The number of files present does nothing to affect performance, that's just a myth. Large numbers of files can degrade performance in specific tasks, such as generating a list of them all, but beyond that, won't affect a thing. And technically performance isn't degraded so much as it just takes a long time to process a great many files.

What CAN happen, is that you will install a number of programs that like to leave bits of themselves running at all times. Almost every icon next to your clock is a program that is consuming resources. Some more than others. This is a quick way to sort of nickel and dime yourself to death.

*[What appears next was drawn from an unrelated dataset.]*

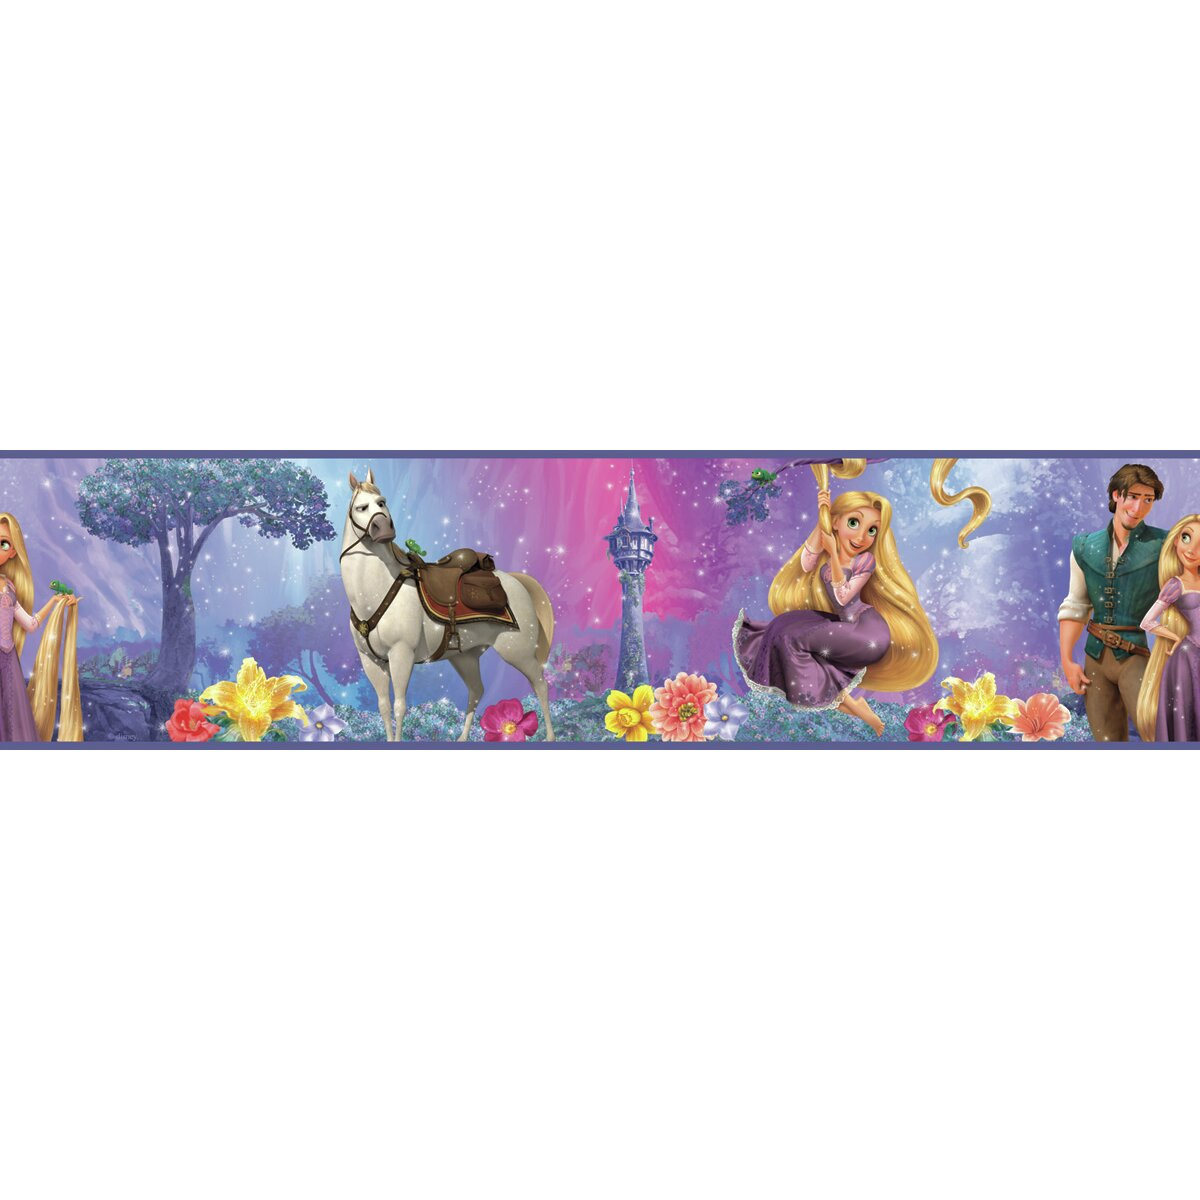 disney tangled rapunzel room makeover wall decal wayfair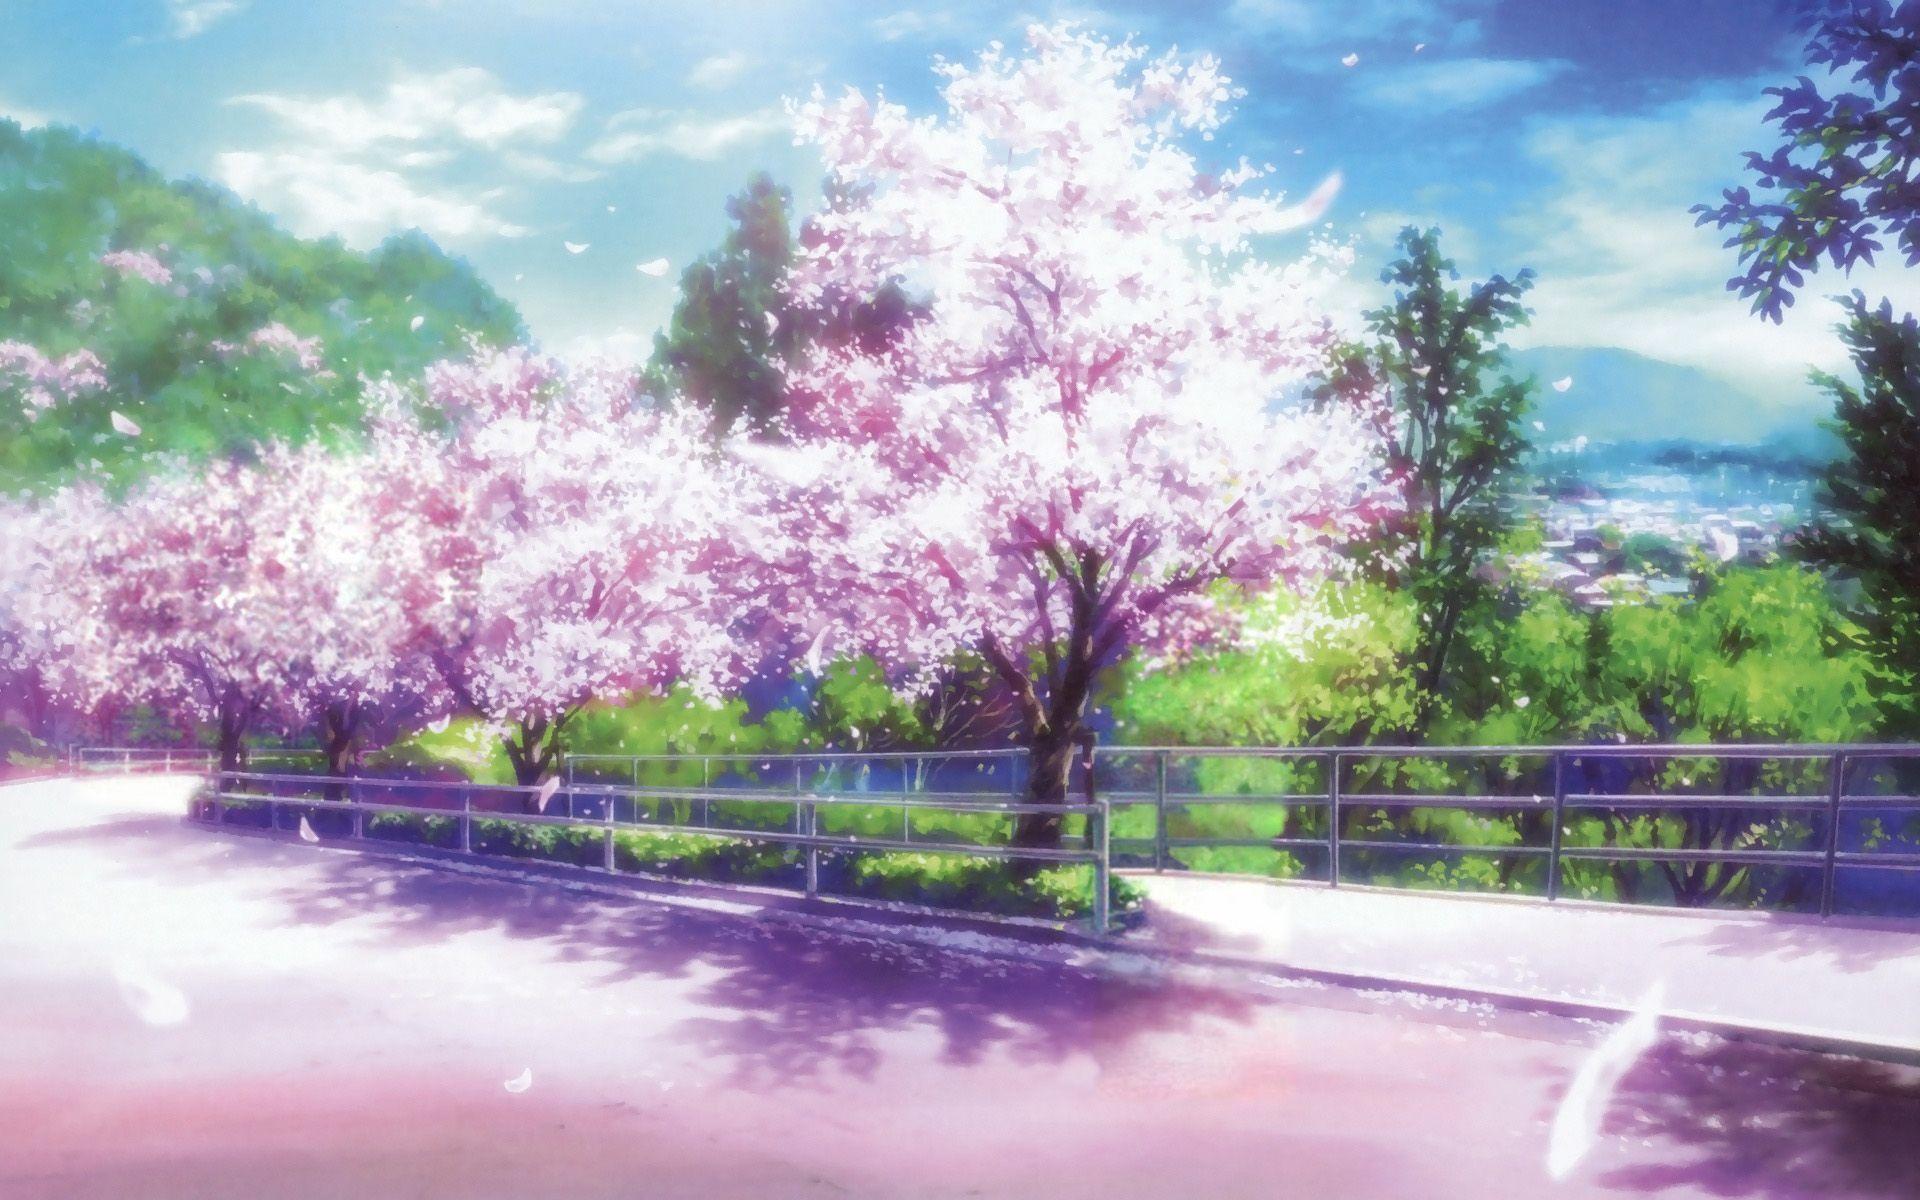 Clannad Cherry Blossom Path Clannad Anime Scenery Anime Background

You can also pick up a bunch of malware garbage if you use Internet Explorer and aren't extremely careful about what you're doing. These can have a significant effect on performance and stability, as they often aren't of the highest quality.

In some rare cases, things left behind by uninstall programs can cause problems with other programs. However, the problem of software conflicts is vastly inflated, and just an excuse handed out by the people who write the canned answer scripts for the tech support people. True software conflicts are really pretty rare.

Same goes for corruption. If a program gets corrupted, it's either due to a bug in the program that mangles its own data, or your HDD is defective. In some case, external sources can be a problem, like AV programs getting overzealous, or malware/viruses, but program corruption is another favored whipping boy for people who don't want, or don't know how, to take the time to find the real cause.

I'll say that formatting isn't the only way to deal with these problems, but in many cases it's the quickest and easiest. You could spend many hours trying to clean up after some particularly nasty malware or virus, with no real guarantee it will ever be the same as it was, or you can just format and start fresh.